Il a été la fierté du rugby français dans les années 1920-1930, allant jusqu’à voler la vedette à Yves du Manoir. Pourtant, rien ne prédestinait Marcel Besson, Gadz’art de la promotion Cluny 119 à devenir « l’un des plus beaux athlètes qu’on ait vu en France sur un terrain d’ovale ».
Des pistes d’athlétisme…
Né le 31 mars 1901 à Verrières, petite commune du Forez, Camille Marcel Besson arrive à Cluny à l’été 1919 pour intégrer l’école des Arts & Métiers. Tout juste débarqué, il s’aligne sur un challenge local d’athlétisme (probablement à Chalon-sur-Saône) pour y disputer le 100 mètres et le saut en longueur.
Totalement inconnu et inexpérimenté, on lui rit au nez avant le concours… jusqu’à ce qu’il remporte ses deux épreuves et disparaisse aussi vite qu’il est venu ! On rapporte un temps (non officiel) de 11 secondes au 100 mètres, ce qui était alors le record de France !
… aux terrains de rugby…
Aux Arts & Métiers, Marcel Besson rencontre Gilbert Gérintès, un camarade Forézien, qui l’entraîne sur les « grounds de rugby » (comme on dit alors).

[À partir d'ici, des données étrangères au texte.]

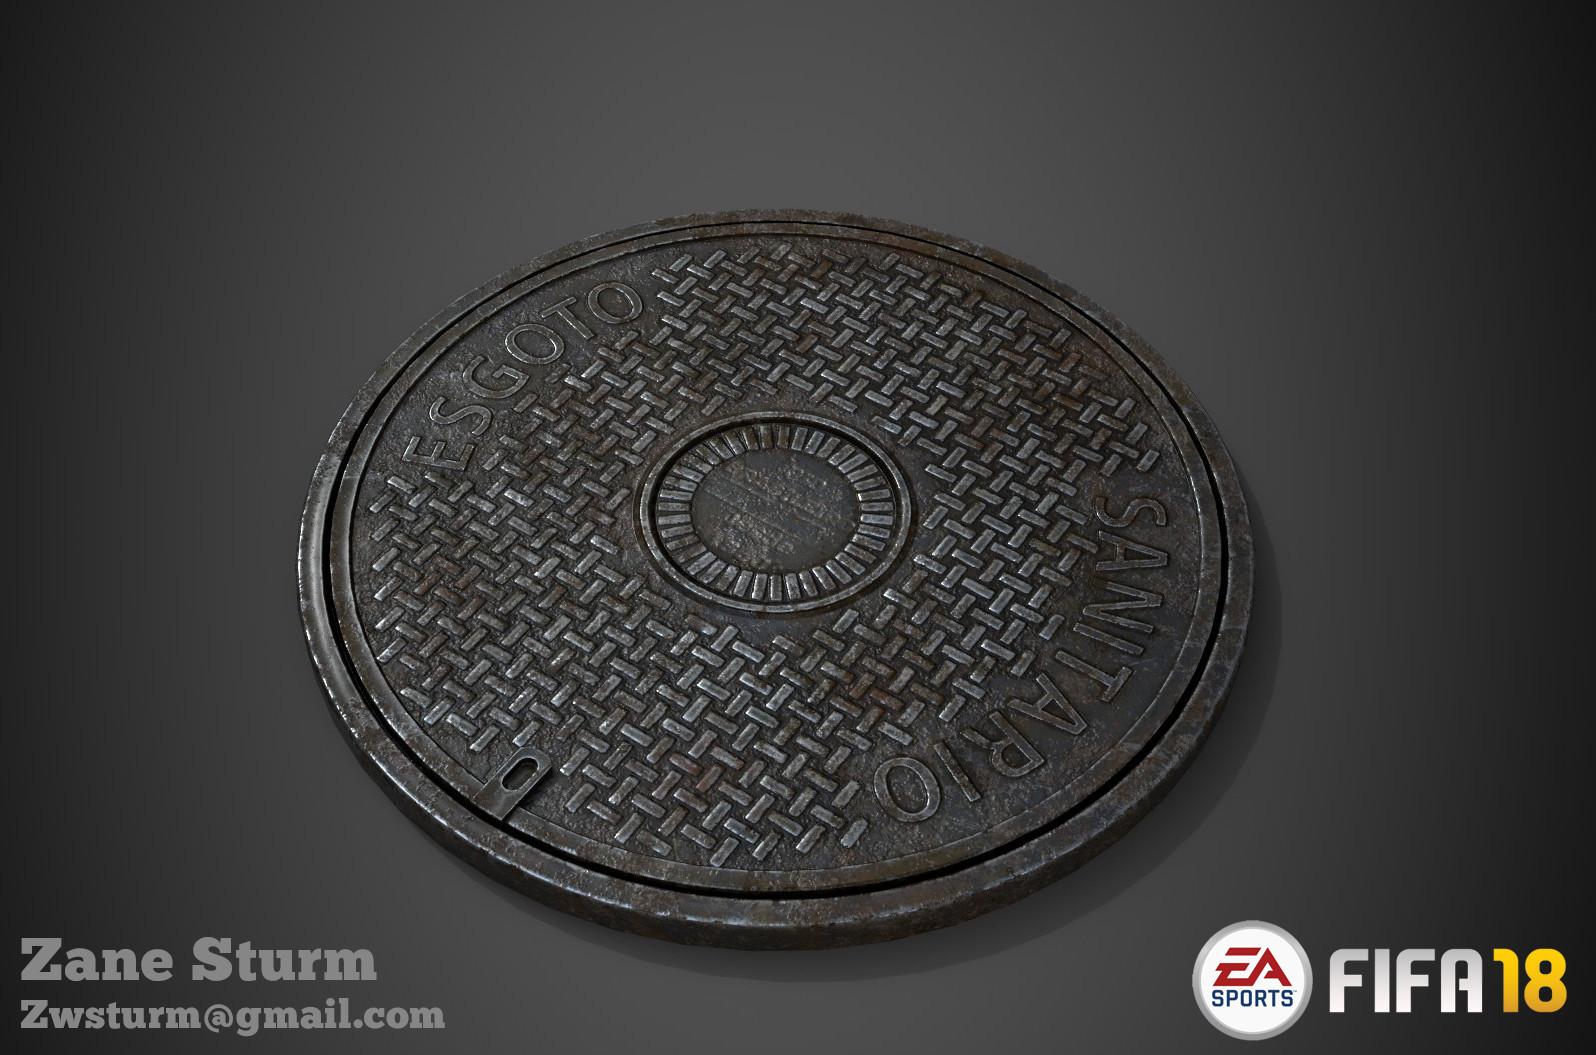 Zane sturm manhole round

Le génie de Marcel Besson sur les terrains éclate au grand jour le dimanche 22 février 1920 face au Racing-Club Chalonnais. Qualifié en championnat de France, le RCC reçoit l’équipe de Cluny Gadz’arts Sports pour un match amical. On décide de ne pas compter les points pour ne pas humilier les sparing-partners du jour.
C’était sans compter un jeune ailier de Cluny, qui prend la balle au coup d’envoi, joue, crochète cinq joueurs du RCC et va aplatir entre les poteaux. Deux minutes après, le même ailier sprinte, crochète, feinte… et récidive dans l’en-but adverse. Besson marque cinq essais à lui seul ce jour-là ! Sa vitesse et son intelligence de jeu en font un prodige du rugby, qui étonnera tous ses adversaires et coéquipiers au fil des matches.
… et jusqu’au XV de France !
En 1922, Besson et Gérintès se retrouvent à Paris, où ce dernier est repéré pour intégrer le Club athlétique des sports généraux (CASG, futur Stade Français). Il accepte à une condition : faire venir avec lui un camarade avec qui il veut jouer. Quand Besson se présente au stade le dimanche suivant, on ricane à la vue de ce joueur petit et maigre. Mais il fait à nouveau taire les critiques sur le terrain, où il brille par ses attaques, ses crochets et ses fulgurances.
En quelques mois, Marcel Besson devient l’un des meilleurs attaquants du rugby français, grand marqueur d’essais et capitaine du CASG. Entre 1924 à 1927, il dispute six matches internationaux avec le XV de France lors des Tournois des Cinq Nations, et intègre l’équipe des JO de 1924 à Paris, tout en poursuivant sa carrière professionnelle à Vélars-sur-Ouche près de Dijon, où il dirige une fonderie dont son ami Gérintès est propriétaire.
Un esprit libre
Tout autant que son jeu, son attitude, son esprit et sa manière de vivre en dehors des terrains en font un exemple pour la jeunesse, et un modèle d’équilibre entre vie sportive et vie professionnelle.
Retiré des terrains en tant que joueur en 1928, Marcel Besson continue de partager sa passion du rugby comme entraîneur au Stade Dijonnais lors de la saison 1928-1929. Dix ans plus tard en juillet 1938, il devient le quatrième président de l’histoire du club, mandat qu’il occupe pendant 17 ans.
Pendant la guerre, son atelier de fonderie accueille des réfractaires au service du travail obligatoire (STO). En 1942, Besson (qui dirige aussi la sélection nationale de rugby des Gadz’arts) organise un match au stade Jean-Bouin au profit des prisonniers des Arts & Métiers. Il est également président de la Ligue de Bourgogne d’athlétisme entre 1940 et 1945, son indépendance politique étant saluée dans la France occupée.
Jusqu’à son décès à l’âge de 65 ans, le 31 mars 1966 à Dijon, Marcel Besson restera proche de sa passion, de son territoire d’adoption, et de ses camarades. Son esprit libre et affirmé, sa capacité à fédérer et à être écouté seront salués partout où il passera.
Sa petite-fille Camille Laurens, membre de l’Académie Goncourt, a fait de lui un personnage de roman, pour tenter de ne pas oublier celui qui fut l’un des plus grands joueurs de rugby français du début du 20e siècle.